Safety Considerations
Please refer to the package insert for safety information. Safety data (key warnings, contraindications, and drug-drug interactions) were not returned in this Evidence Pack due to query gaps and should be obtained directly from the prescribing information before any clinical decision is made.
Conclusion and Next Steps
Decision: Proceed with Guardrails
Rationale: OCD has a biologically coherent mechanistic link to duloxetine's SNRI profile, and the evidence base — one completed Phase 4 trial, one double-blind augmentation RCT, one open-label trial, and a series of independently published case reports and reviews — represents the most substantive clinical foundation among all 10 TxGNN-predicted indications in this pack. However, the largest dedicated trial enrolled only 20 patients, the RCT focused on augmentation in treatment-resistant cases rather than first-line monotherapy, and duloxetine is not registered in Singapore. Proceeding requires defined guardrails rather than immediate clinical adoption.
To proceed, the following is needed:
- Safety data gap resolution: Obtain full prescribing information (package insert) to extract key warnings, contraindications, and drug-drug interactions — this is currently a blocking gap
- MOA confirmation: Query DrugBank API for the formal mechanism of action entry (DB00476) to support regulatory submissions
- Singapore HSA pathway: Evaluate HSA registration requirements or Special Access Route eligibility, as the drug has zero existing licenses in Singapore
- Trial design: Commission a powered Phase 2 randomised controlled trial (estimated n ≥ 80–120) focused on either treatment-naive OCD or treatment-resistant OCD (augmentation strategy appears particularly promising based on PMID 27811556)
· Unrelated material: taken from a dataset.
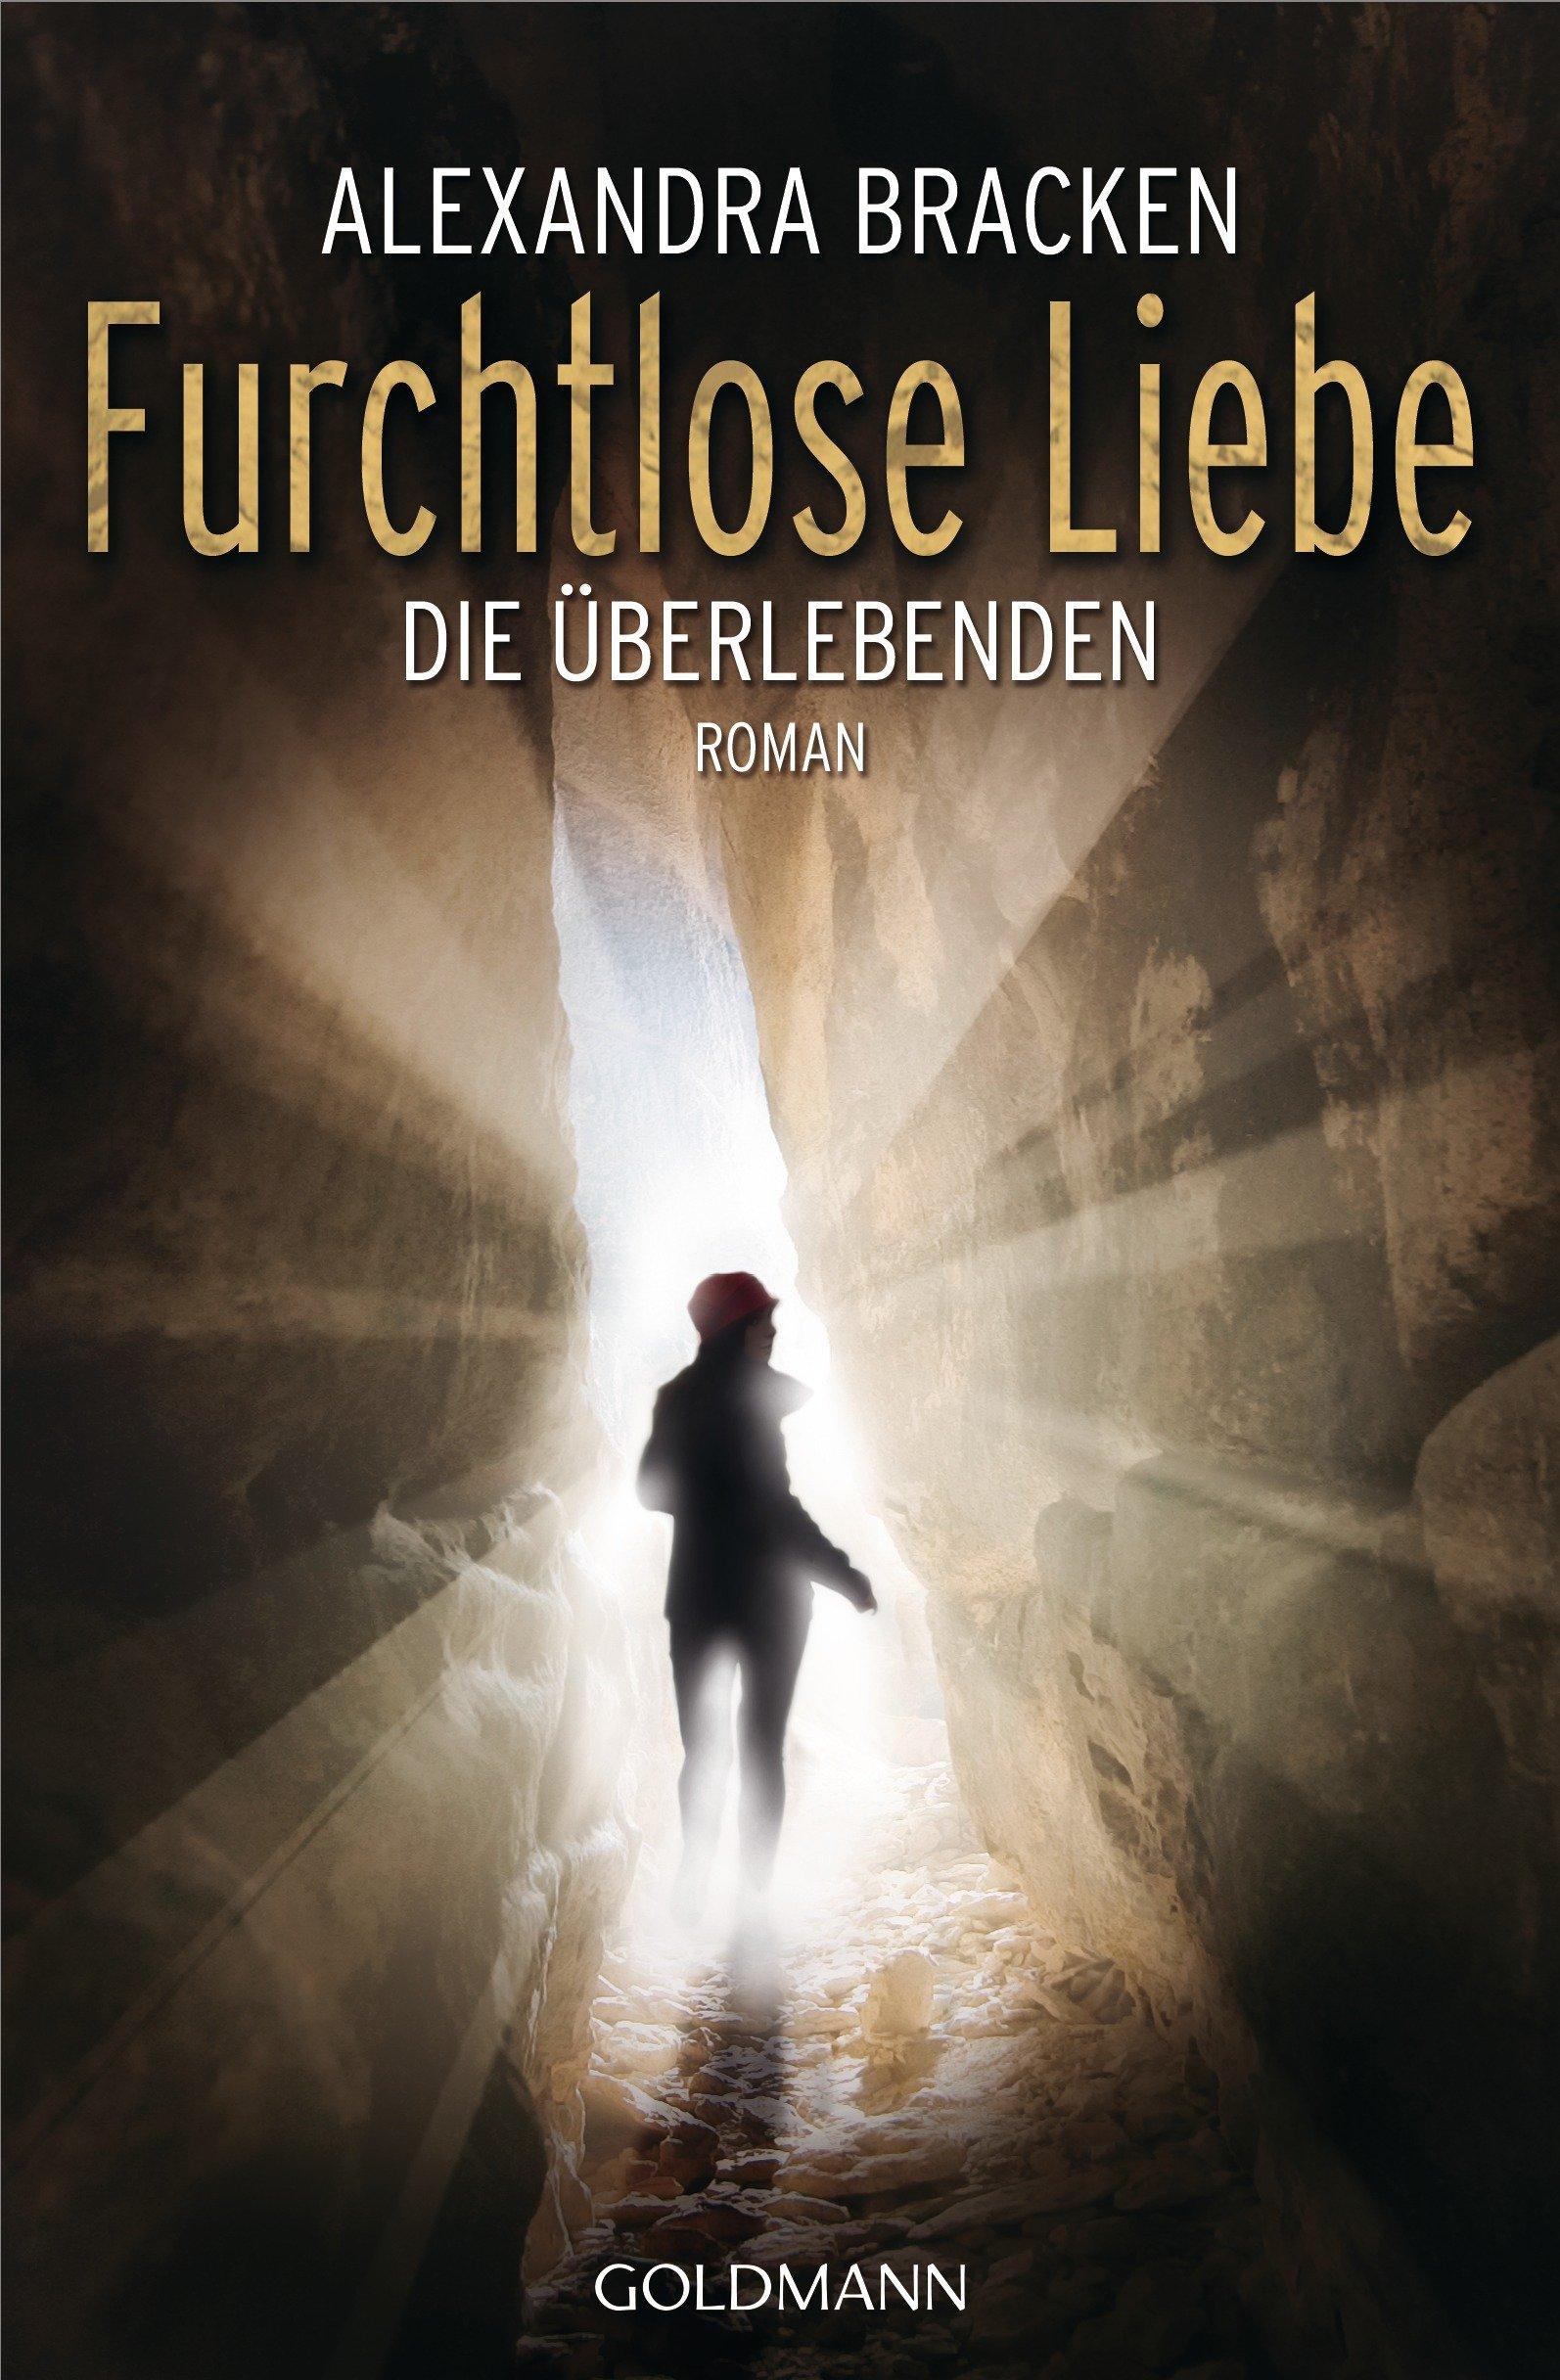 http://www.amazon.de/Furchtlose-Liebe-Die-%C3%9Cberlebenden-Roman/dp/3442479096/ref=sr_1_1?ie=UTF8&qid=1438091127&sr=8-1&keywords=furchtlose+liebe

- Patient stratification: Define target population clearly — evidence suggests augmentation in SRI-resistant patients may be the highest-yield entry point
- Dose-finding: Existing case reports suggest supratherapeutic dosing may be relevant in resistant cases; a formal dose-finding component should be considered
Disclaimer
This content is for research purposes only and does not constitute medical advice. Clinical validation is required before any clinical application.